Джорджиана наклонила голову. Солнечный свет блеснул в ее глазах и подчеркнул выгоревшие на висках волосы – деталь, которой он никогда раньше не замечал. Ее кожа была медового цвета, удивительно привлекательна. Бледные, прозрачные лица дам, которых он знал, казались в сравнении с ее лицом больными. Джорджиану совершенно не заботил цвет ее кожи, ее шляпа висела на тесемках за спиной. Только вена, бившаяся на шее, выдавала ее чувства.
– Она очень настойчива, – ответила Джорджиана.
– Неужели? – с подчеркнутой медлительностью произнес Куинн.
– Черт возьми, я пыталась быть доброй к ней. Она мне очень нравится, даже несмотря на свою неуемную энергию. Я уверена, ты знаешь, что у нее есть талант к рисованию.
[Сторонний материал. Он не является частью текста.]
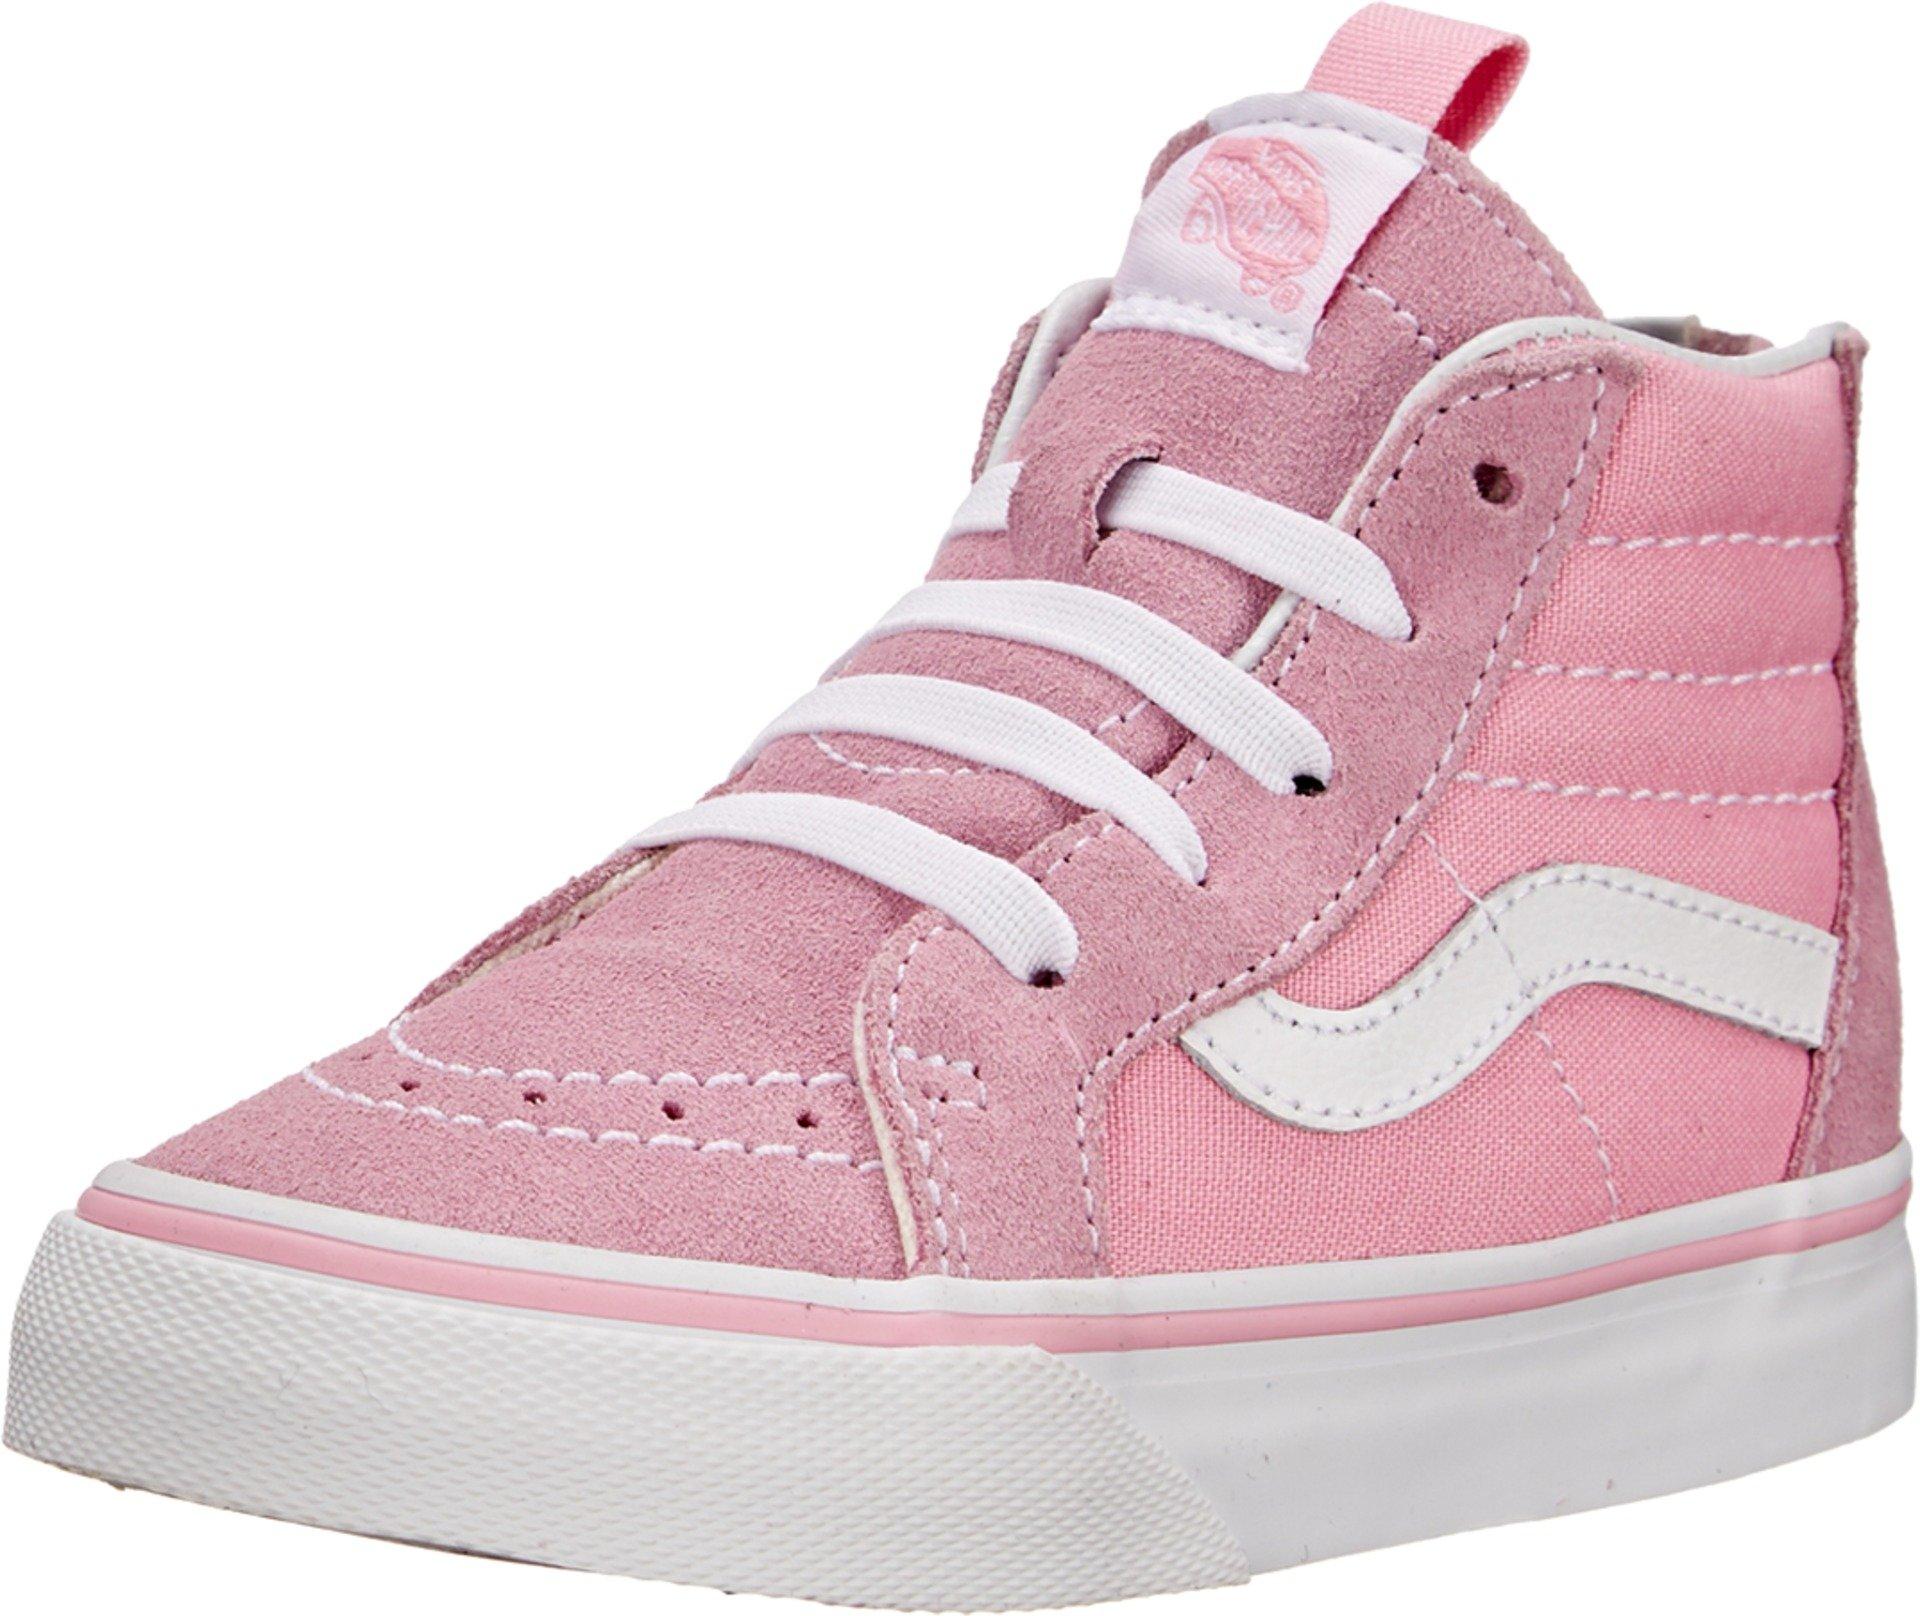 Vans Kids Sk8-Hi Zip Prism Pink/True

– И никакой склонности к чтению, письму или еще чему-либо, что требует самоконтроля, дабы дисциплинировать ее ум и подготовить к обязанностям, которые ей придется исполнять в жизни.
– Детям редко нравится концентрироваться на чем-то, – улыбнулась она, – в детстве все стараются сбежать из классной комнаты, пойти рыбачить, охотиться с соколами, кататься на лошадях или карабкаться по деревьям. Разве ты не помнишь?
– Я уже давно оставил в прошлом глупости молодости.
Он смотрел, как она собирает кисти и складывает их в маленькую деревянную коробочку. В какой-то момент ее колено, казалось, подвернулось, но она восстановила равновесие прежде, чем он ее поддержал.
– Уж кто-кто, а ты должна знать, что невнимательность к учебе и глупости могут привести к… печальным последствиям, о которых потом придется сожалеть всю жизнь.
Джорджиана наконец посмотрела на него. От ее груди к шее поднимался румянец.
– Я мало, о чем сожалею. Я не считаю свой… дефект постоянным напоминанием о детской глупости. Я считаю его свидетельством моей трусости.
– Что?! – недоверчиво воскликнул Куинн. – В тебе нет ни капли трусости!
– Джентльмены всегда видят храбрость в физических подвигах. Но иногда трусость проявляется в невозможности сказать то, что должно сказать. – Она странно засмеялась. – Не обращай внимания. Я не жду от тебя понимания, тем более теперь, когда тебя совершенно не интересуют ни детские забавы, ни поиски приключений, а только скучный долг.
– Это совершенно не так.
– Хм. – В глазах у Джорджианы плясали веселые искорки. – В таком случае я бросаю тебе вызов: устрой какие-нибудь интересные развлечения для всех – особенно для твоей дочери. Ведь ей нужна награда, за которую она согласилась бы провести все назначенные тобой часы в классной комнате.